Preg_match ("/(". $content _start. ") (.*?) (". $content _end.") /is ", $str, $content);


$content = Preg_replace ("/<" (. *?) >/s "," ", Str_replace (" </p> "," RN ", $content [2]));


$content = Str_replace ("
"," ", Preg_replace ("/^[s]*n/is "," ", $content));


$content = Str_replace ("?", "" ", Preg_replace ("/^[s]*n/is "," ", $content));

$result = "RN". ($i + 1). " Section--------". $title." _ Mr. Wang is handsome---------rn ". $content;


Var_dump ($result);d ie ();


Writer ($result, "./ailaopo/". $bookname. ". TXT "," A + ");


echo "novel". $bookname. " Altogether ". $bookzj." section, now sorted to the ". $i." Section _ ". $title." <br> ";

}
echo "novel". $bookname. " Altogether ". $bookzj." Section has been all sorted out! ";


function writer ($content, $url, $mode)
{
$fp = fopen ($url, $mode);
Fwrite ($fp, $content);
Fclose ($FP);
}
?>

Contact Us

The content source of this page is from Internet, which doesn't represent Alibaba Cloud's opinion; products and services mentioned on that page don't have any relationship with Alibaba Cloud. If the content of the page makes you feel confusing, please write us an email, we will handle the problem within 5 days after receiving your email.

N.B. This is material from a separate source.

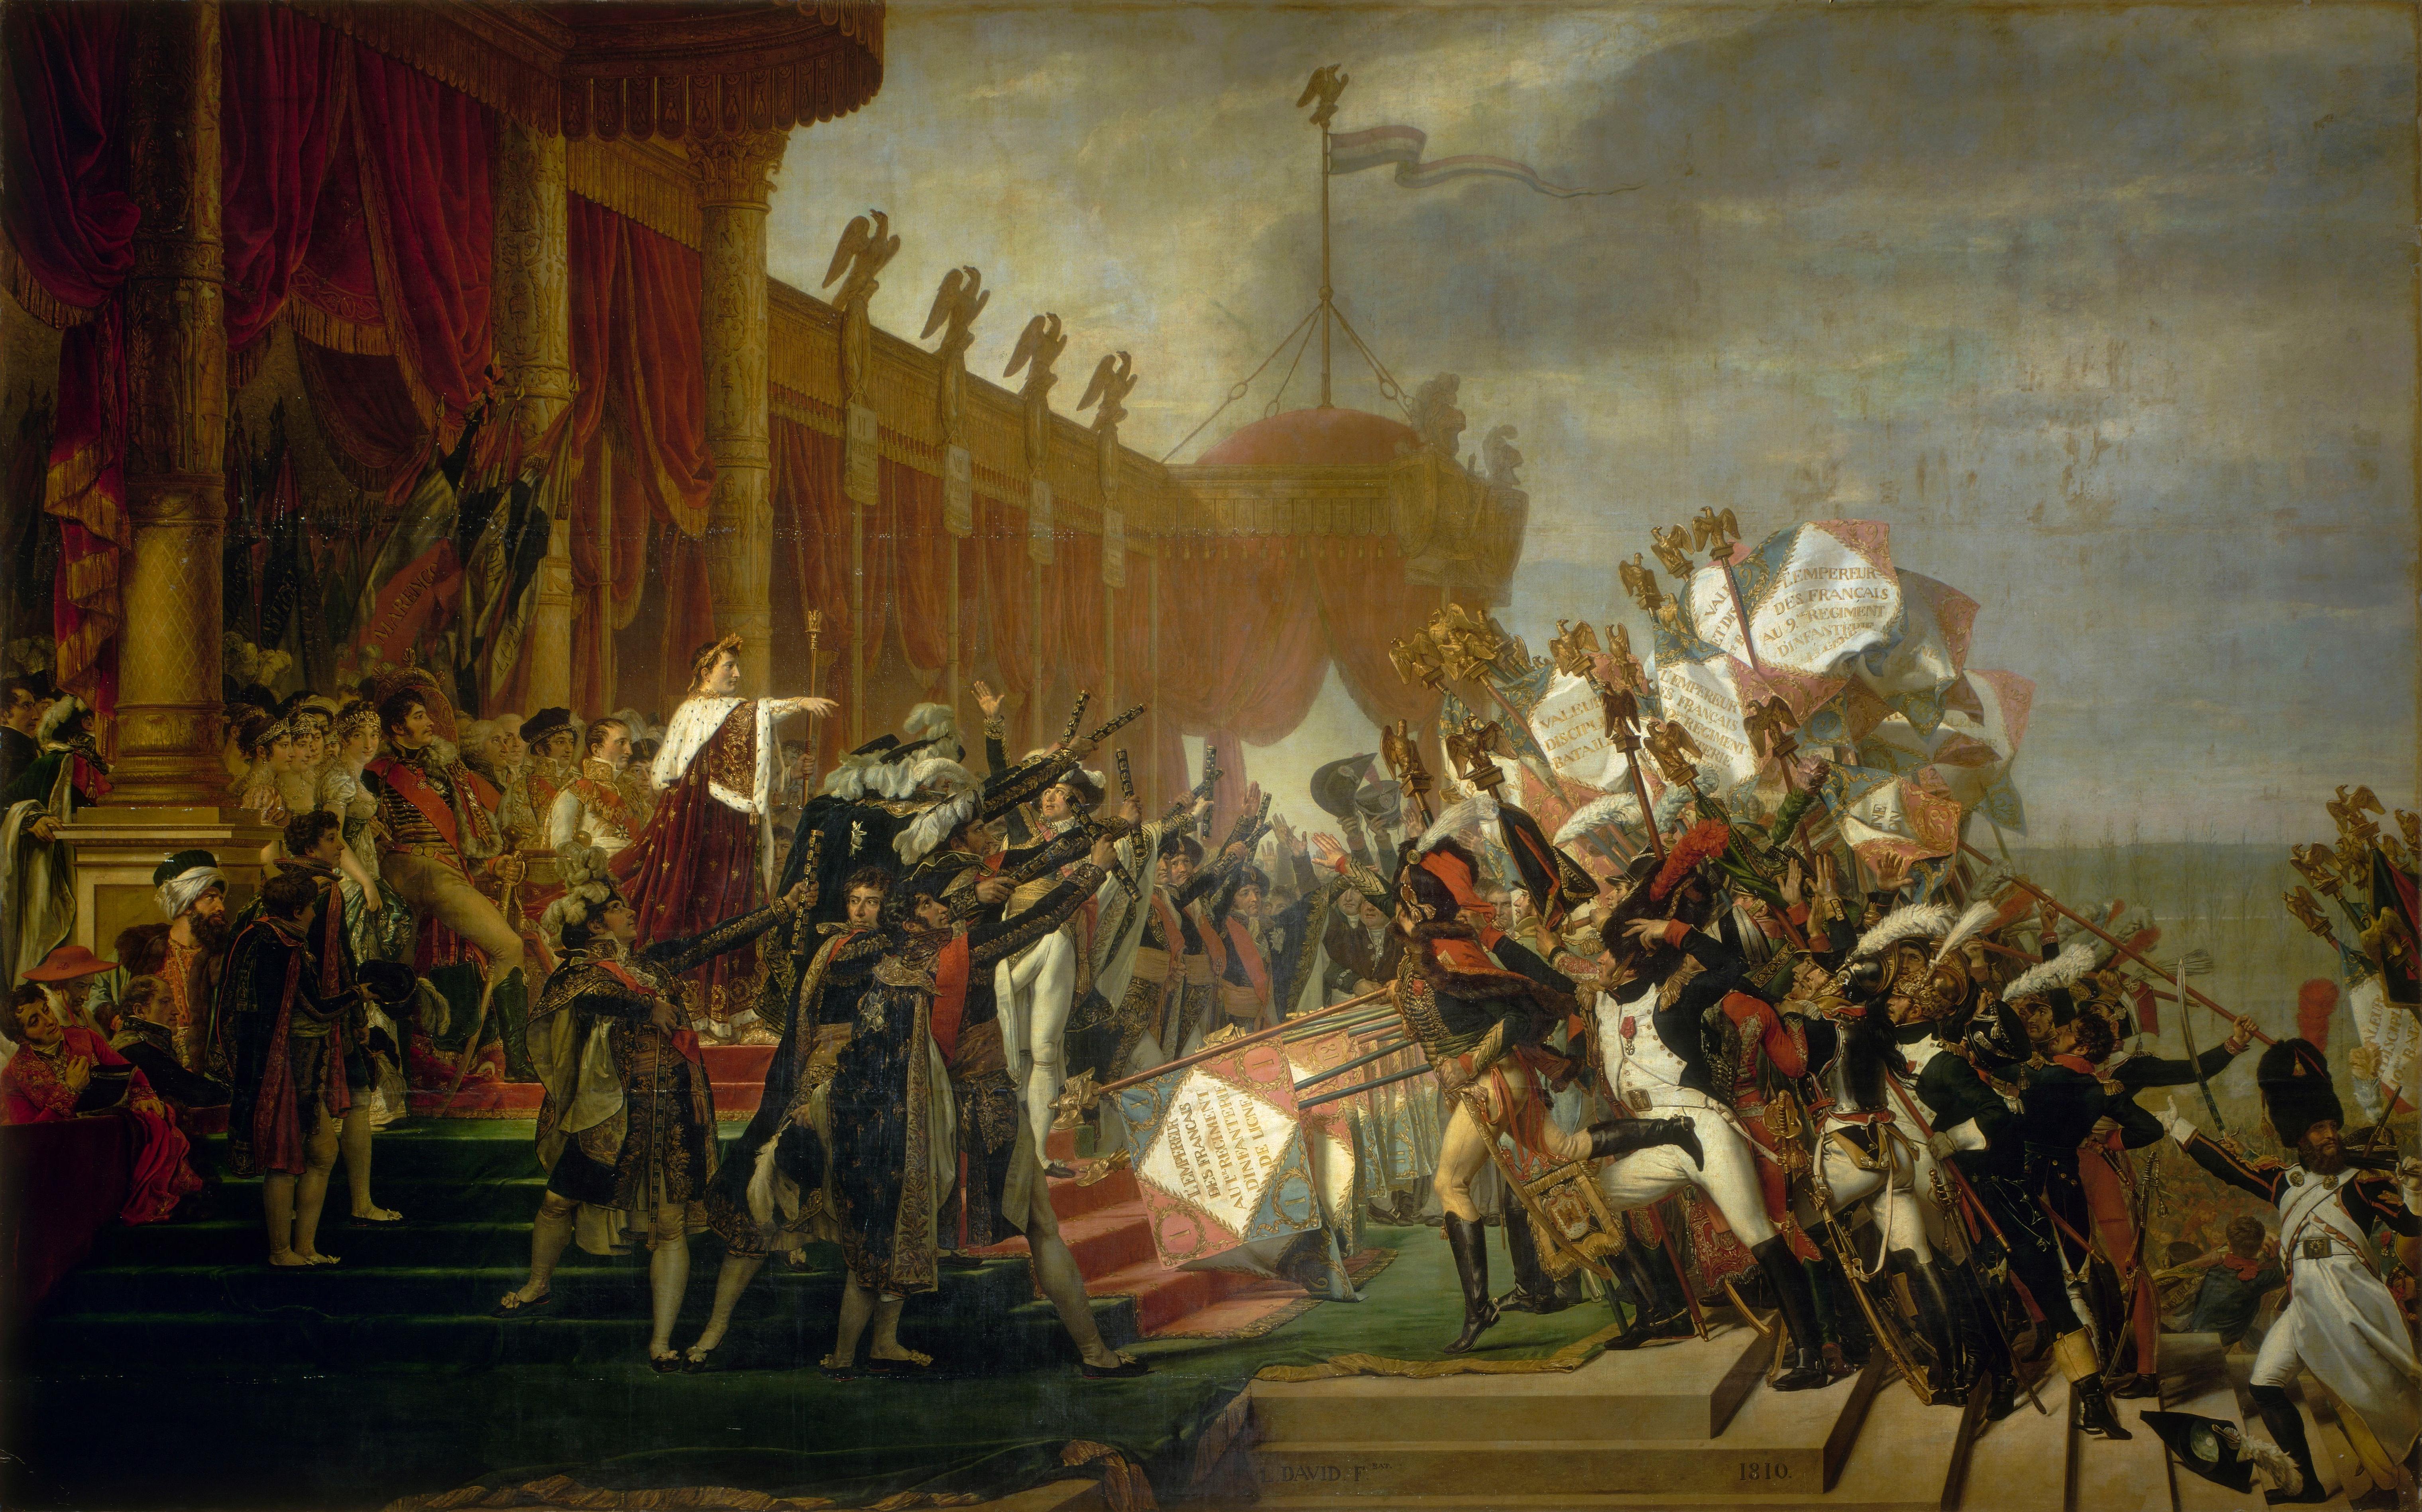 David 1810 Serment_de_l'armee_fait_a_l'Empereur_apres_la_distribution_des_aigles,_5_decembre_1804 Versailles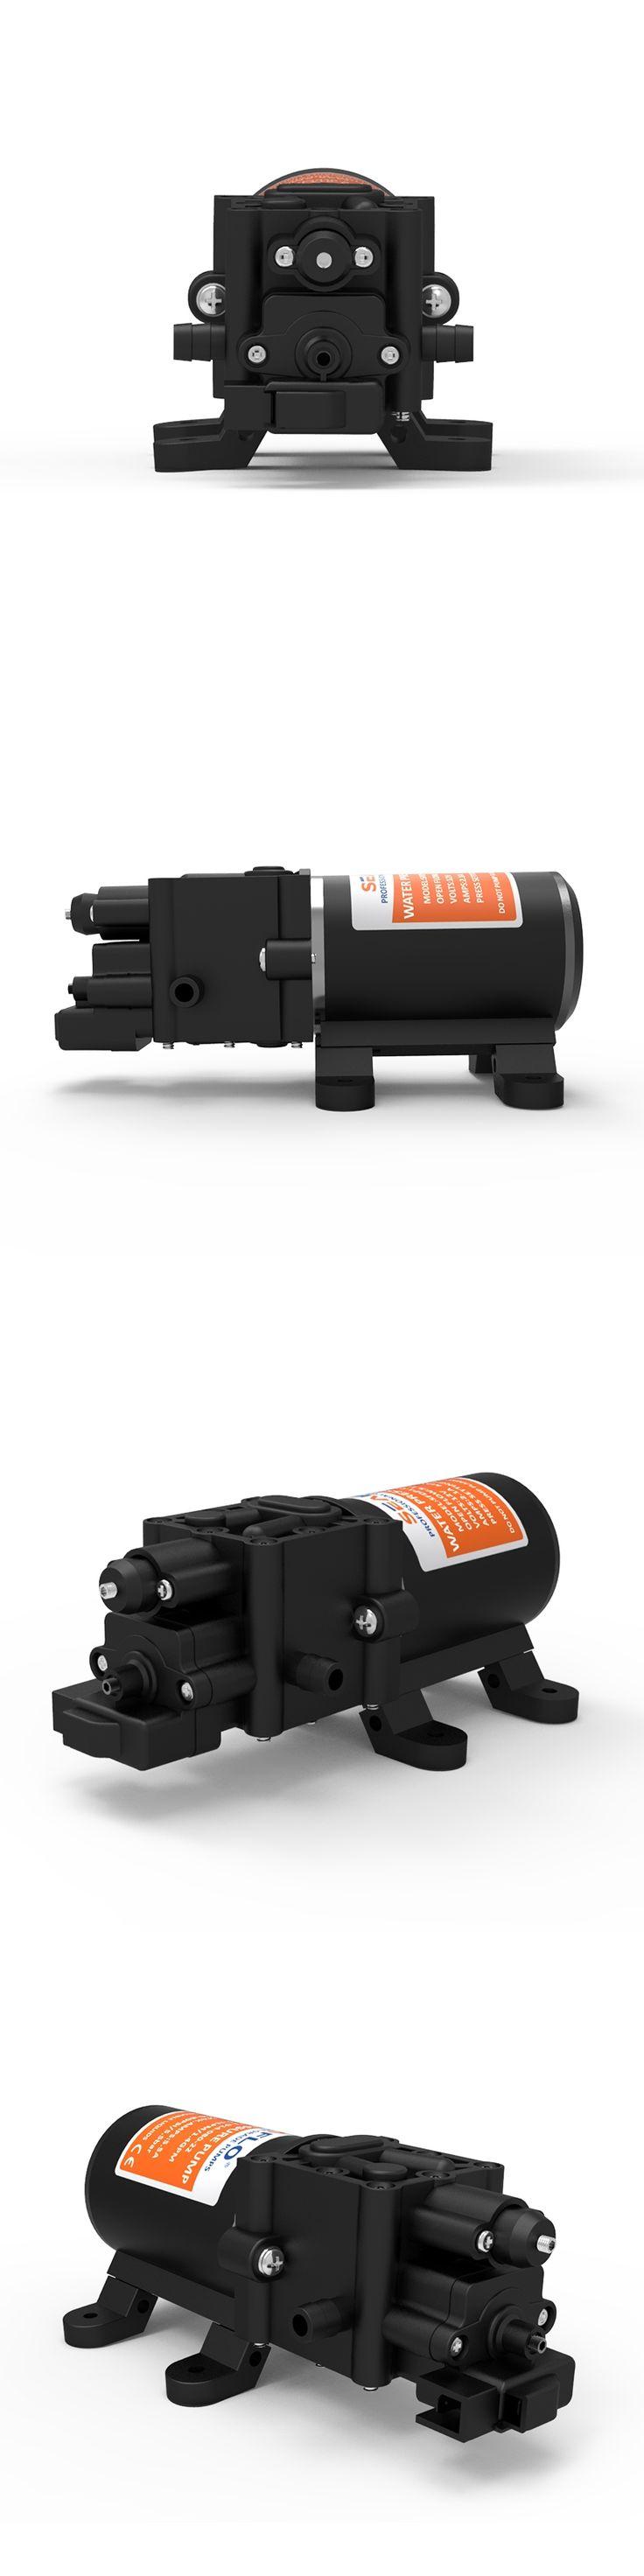 SEAFLO 24 V Water Pressure Pump Self Priming Boat Diaphragm Water transfer Pumps Marine RV

If you find any instances of plagiarism from the community, please send an email to: info-contact@alibabacloud.com and provide relevant evidence. A staff member will contact you within 5 working days.

A Free Trial That Lets You Build Big!

Start building with 50+ products and up to 12 months usage for Elastic Compute Service

  • Sales Support

    1 on 1 presale consultation

  • After-Sales Support

    24/7 Technical Support 6 Free Tickets per Quarter Faster Response

  • Alibaba Cloud offers highly flexible support services tailored to meet your exact needs.